Kyutai, a French non-profit AI research laboratory, has introduced Moshi, a real-time native multimodal foundational AI model. This open-source project features voice-enabled AI assistant offering capabilities that rival OpenAI’s GPT-4o and Google Astra.
Moshi, developed by a team of just eight researchers in six months, can understand and express 70 different emotions and styles, speak with various accents, and handle two audio streams simultaneously, allowing it to listen and talk at the same time.
Built on the Helium 7B model, Moshi integrates text and audio training, optimised for CUDA, Metal, and CPU backends with support for 4-bit and 8-bit quantization.

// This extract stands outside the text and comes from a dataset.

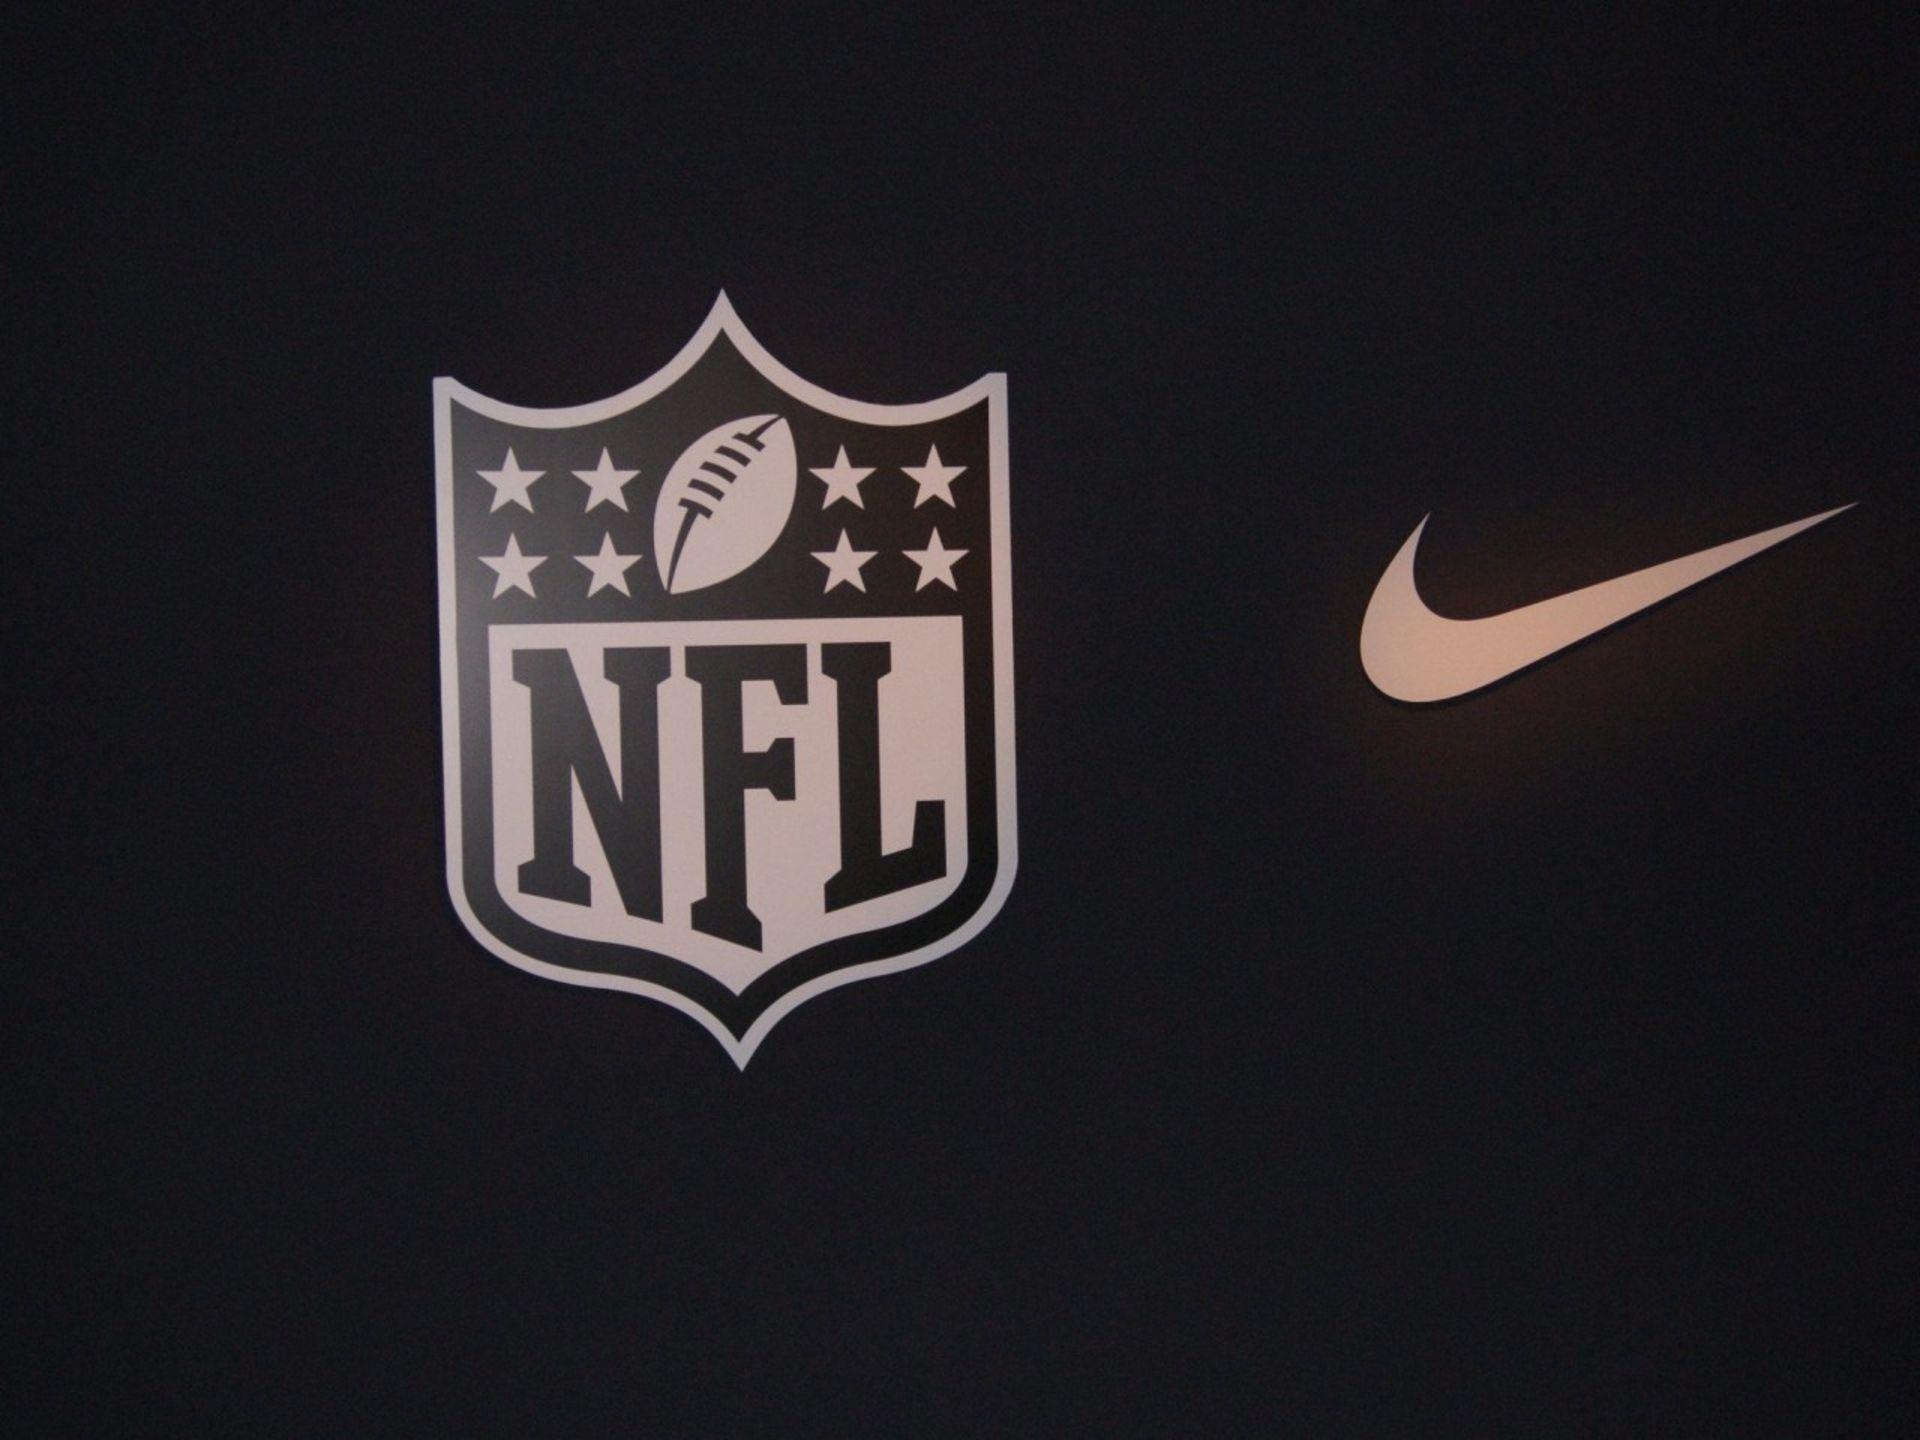 футбол 1 Wallpaper: Nike Football Wallpaper Wallpapers For Laptops Amazing

Key features of Moshi include:
- Real-time interaction with end-to-end latency of 200 milliseconds
- Ability to run on consumer-grade hardware, including MacBooks
- Support for multiple backends (CUDA, Metal, CPU)
- Watermarking to detect AI-generated audio (in progress)
Kyutai chief Patrick Pérez said that the Moshi has the potential to revolutionize human-machine communication, saying, “Moshi thinks while it talks”.
Kyutai plans to release the full model, including the inference codebase, the 7B model, the audio codec, and the optimised stack.
Founded in November 2023 with €300 million in backing from investors including French billionaire Xavier Niel, the startup aims to contribute to open research in AI and foster ecosystem development.
The lab’s approach challenges major AI companies like OpenAI, which have faced criticism for delaying releases due to safety concerns. Notably, OpenAI has been withholding the release of its video generation model Sora, as well as the Voice Engine and voice mode features of GPT-4o.
Moshi contributes to France’s increasing influence in the AI sector, alongside other French-origin projects such as Hugging Face and Mistral.